BackGrad has the ability to relay gradients without summing them:

newtype BackGrad a v
  = BackGrad
      ( forall x.
        (x -> VecBuilder v) ->
        Term a x
      )

BackGrad turns linear functions (x -> VecBuilder v) to Terms. Alternatively, you could see it as a Term data constructor with a hole in place of Expr argument. It generalizes Expr:

realNode :: Expr a v -> BackGrad a v
realNode x = BackGrad (\f -> Term f x)

and provides means to apply linear function without creating a node:

inlineNode ::
  forall r u v.
  (VecBuilder v -> VecBuilder u) ->
  BackGrad r u ->
  BackGrad r v
inlineNode f (BackGrad g) = BackGrad go
  where
    go :: forall x. (x -> VecBuilder v) -> Term r x
    go h = g (f . h)

graph BT nodeMyVectorB["Grad (MyVector a)"] nodeMyVectorB1(["GradBuilder (MyVector a)"]) nodeMore["..."] style nodeMore fill:none,stroke:none style nodeMyVectorB1 fill:white,stroke-dasharray: 5 5 nodeVectorB1(["GradBuilder (Vector a)"]) style nodeVectorB1 fill:white,stroke-dasharray: 5 5 nodeItemB["Grad a"] nodeItemB-- "(! i)" -->nodeVectorB1 nodeVectorB1-- unMyVector -->nodeMyVectorB1 nodeMyVectorB1-- sumBuilder -->nodeMyVectorB nodeMore-- "..." -->nodeMyVectorB1

Node that Expr is a node, Term is an edge. No Expr – no node.

Sparse nodes

Inline nodes are still not enough. There’s no good way to access members of tuples, or other product types for that matter. They are important, because this library differentiates unary functions BVar a -> BVar b only. If we have many variables to differentiate with respect to, we have to pack them together into single tuple or record BVar a. For a complex model a might be a big structure of nested records. Automatic differentiation starts with a single big variable containing all the data and there has to be an efficient way to access all parts of it.
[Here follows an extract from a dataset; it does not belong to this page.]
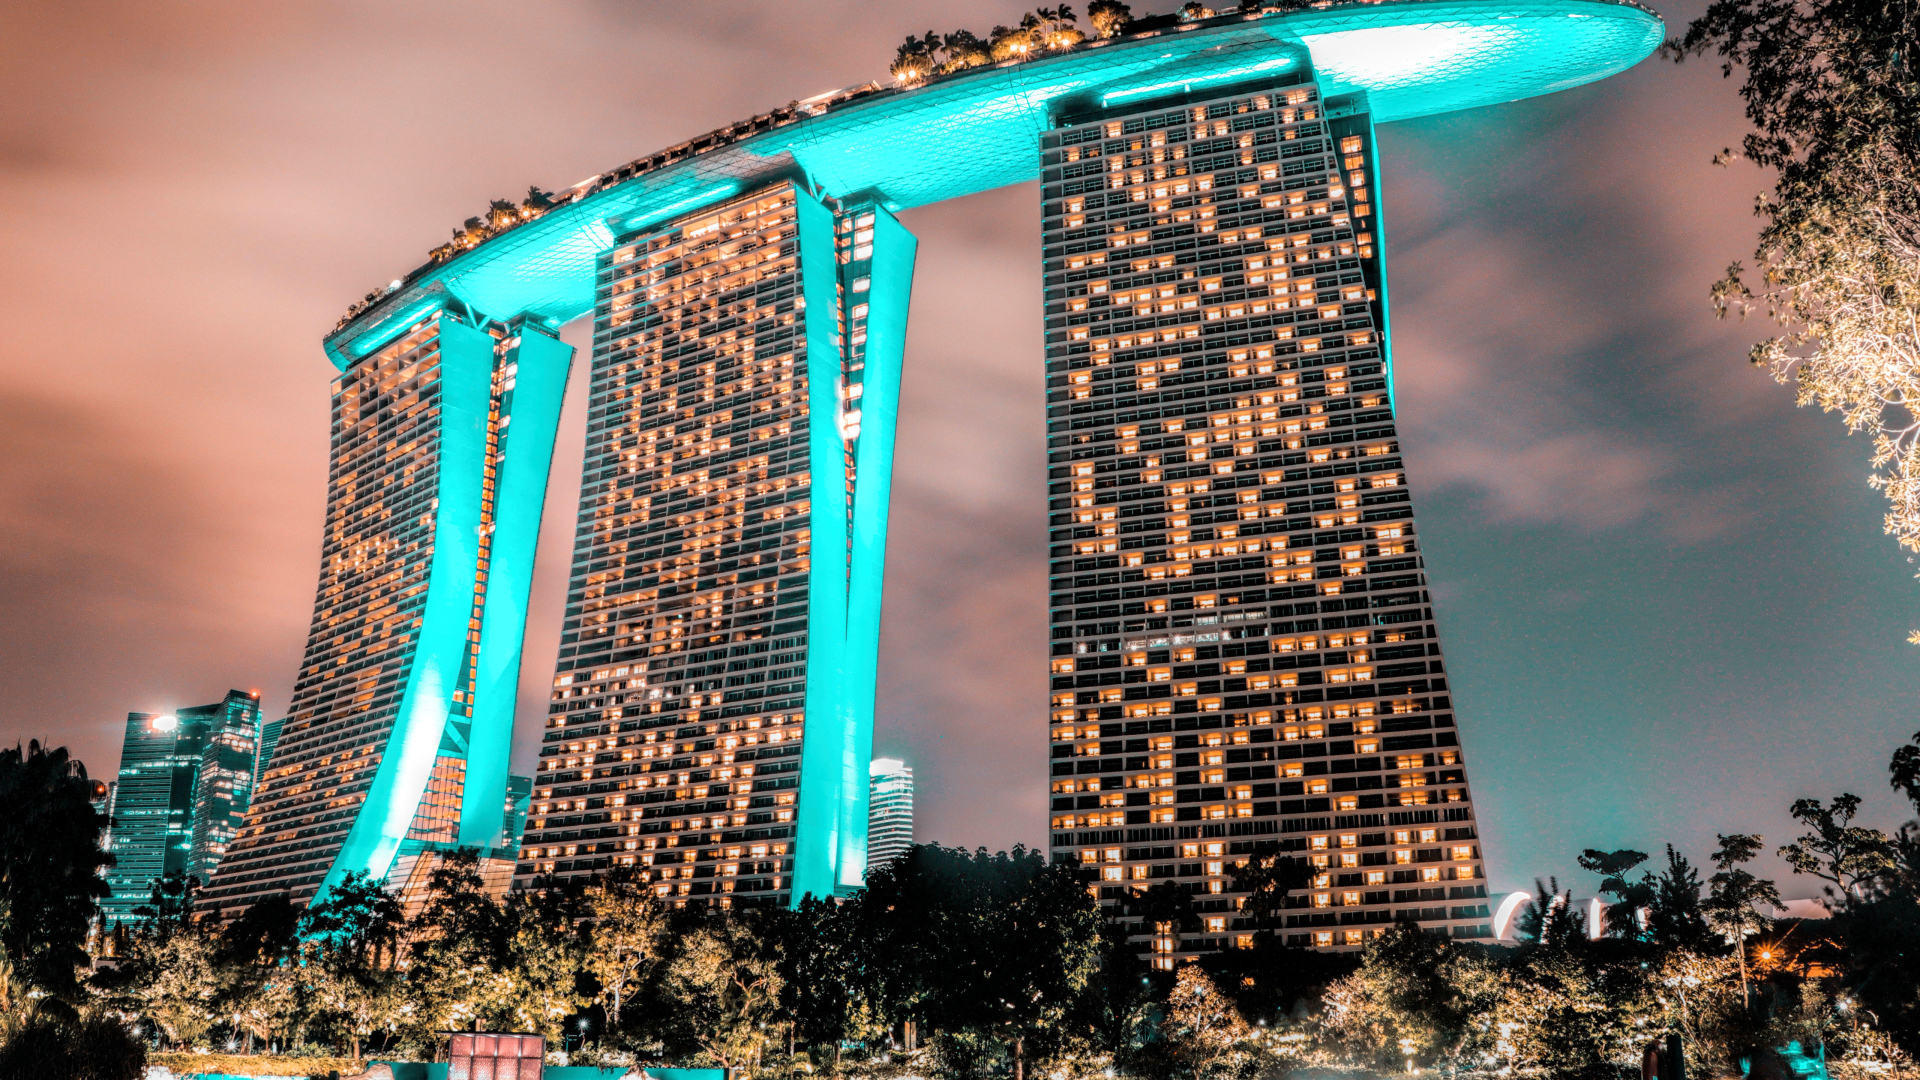 Гостиница Marina Bay Sands вечером, Сингапур. Азия

Constructing real Expr nodes won’t cut, because they lose sparsity and make the cost of accessing any member proportional to the size of the whole structure. Inline nodes are not an option, too. Accessing deeply nested members would create a long chain of inlineNodes. The cost of traversing the whole chain will have to be paid every time the variable is used. This way a simple traversal of a list will turn into into a Schlemiel the painter’s algorithm!

The solution is to store sparse gradients in graph nodes for this use case. Luckily, there’s no need for new types of node here. Have a look at BackGrad definition – there’s no v, only VecBuilder. This means we can choose a different type of node to store gradient and hide it under BackGrad as if nothing happened. No one can possibly notice.

castBackGrad ::
  forall r v z.
  VecBuilder z ~ VecBuilder v =>
  BackGrad r v -> BackGrad r z
castBackGrad (BackGrad g) = BackGrad g

Sparse gradients are wrapped in SparseVector newtype for storage in graph. Storing naked VecBuilder v runs into a little problem – what’s VecBuilder (VecBuilder v)?

newtype SparseVector v = SparseVector
  { unSparseVector :: VecBuilder v }

sumBuilder :: VecBuilder v -> SparseVector v doesn’t really sum anything, it just stores unevaluated builders.

How does it differ from inline nodes? Turns out monoid operation of builders of product types plays a key role in intermediate nodes. It collects gradients from all successor nodes and packs them into a tuple/record before passing them to parent node as a single unit. This way gradients are assembled bottom up into a tree of the same shape as original data. Inline nodes would propagate gradients form each leaf node all the way to the root individually.